MORAN: Were there times during those weeks and months that you thought this whole thing could go down?

GEITHNER: Absolutely.

MORAN: The whole financial system could collapse?

GEITHNER: Absolutely. I think we did. We were really at the edge of the abyss. And for the first time in really almost a century, we faced the prospect of a catastrophic failure of our financial system. And that's why it was so important. What Congress ultimately did, which was to provide exceptional authority for the government, was absolutely important to help stabilize the system. And it's our -- you know it's take extraordinary actions just to bring the system to the point where we are today where you're seeing a little bit more stability, a little bit more confidence and the beginning of the process of repair.

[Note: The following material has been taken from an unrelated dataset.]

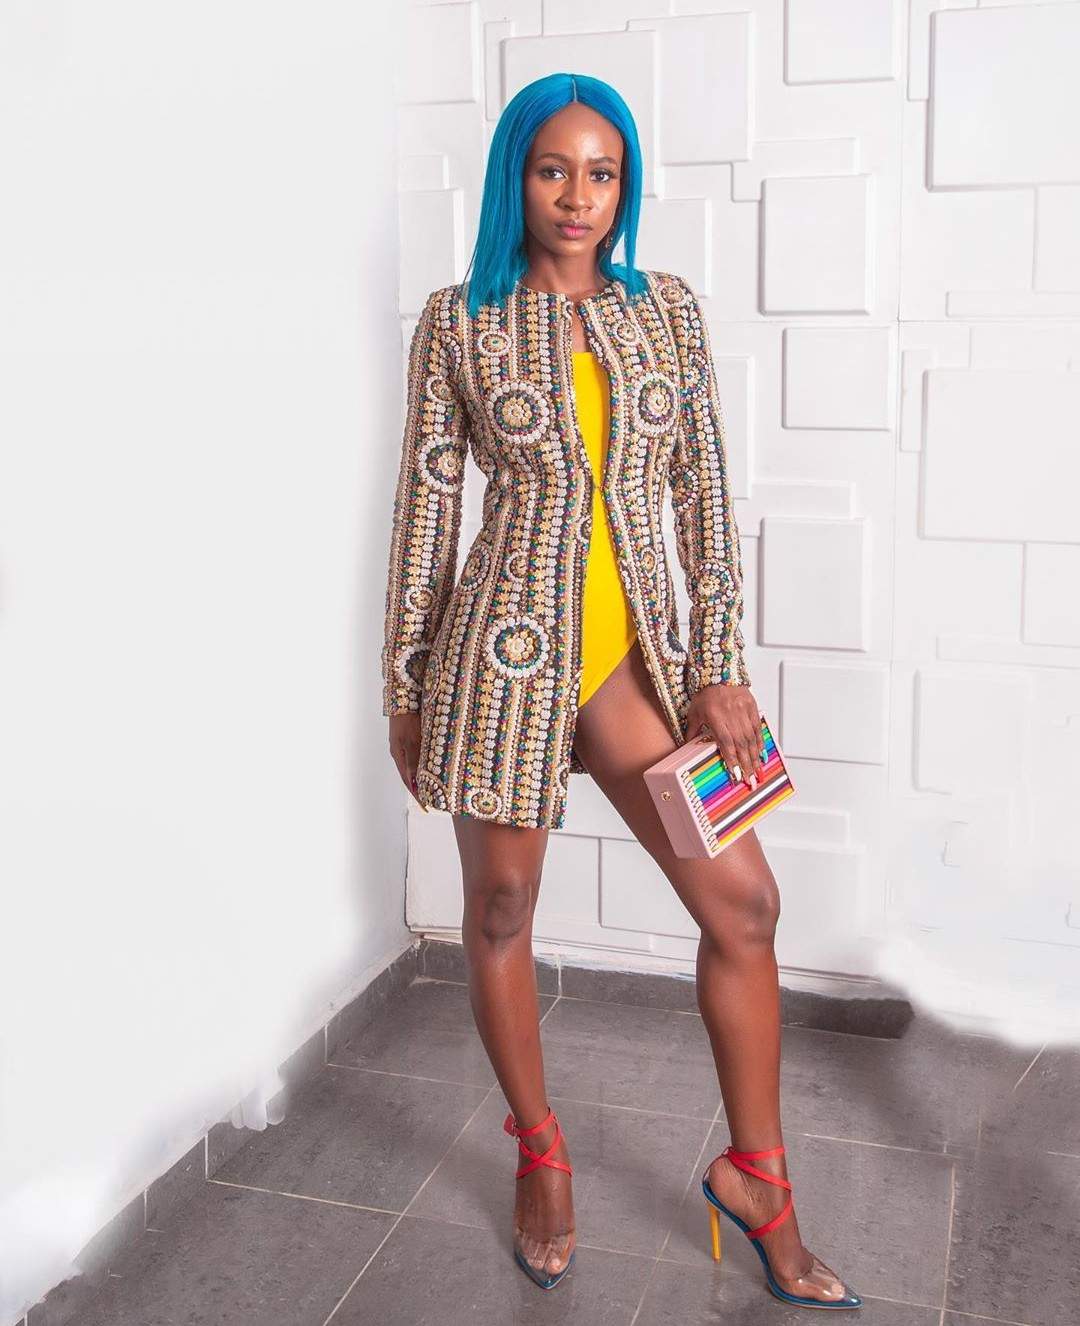 Anto Lecky's outfit to the premiere of Sugar rush movie set tongues wagging
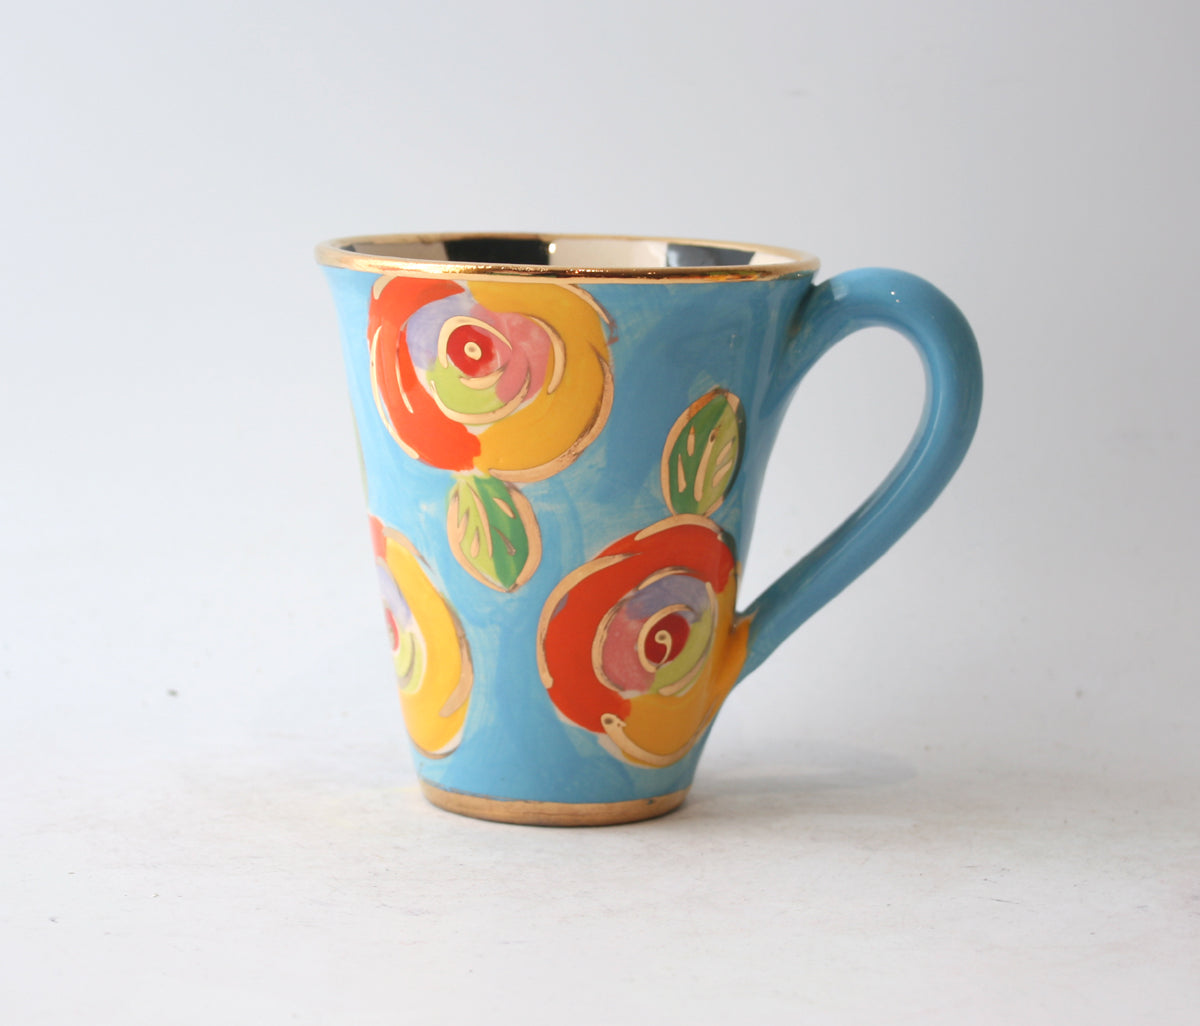 New Shape Large Mug in New Rose Pastel Blue with Black and White Stripes

MORAN: Are we out of the woods?

GEITHNER: We are in a better position than we were three, six, nine months ago.

MORAN: Is that a yes?

GEITHNER: I think we are in a better -- much better position to get through this. But not -- only because your president, working with the Congress and countries around the world, was willing and able to put a substantial force at work to help get people back to work, help bring confidence back, help provide some stability to the financial system.

MORAN: As somebody who's spent a lifetime in these matters, in those weeks and months when were at the edge of the abyss, as you say, were you scared?

GEITHNER: I was very worried about the basic fabric of the stability of our system. Absolutely. I think, again, it was something I don't think anybody had ever seen in their lifetime. And as you saw from the events that followed, it was clear it was going to cause enormous damage to the basic lives of millions of Americans and people around the world.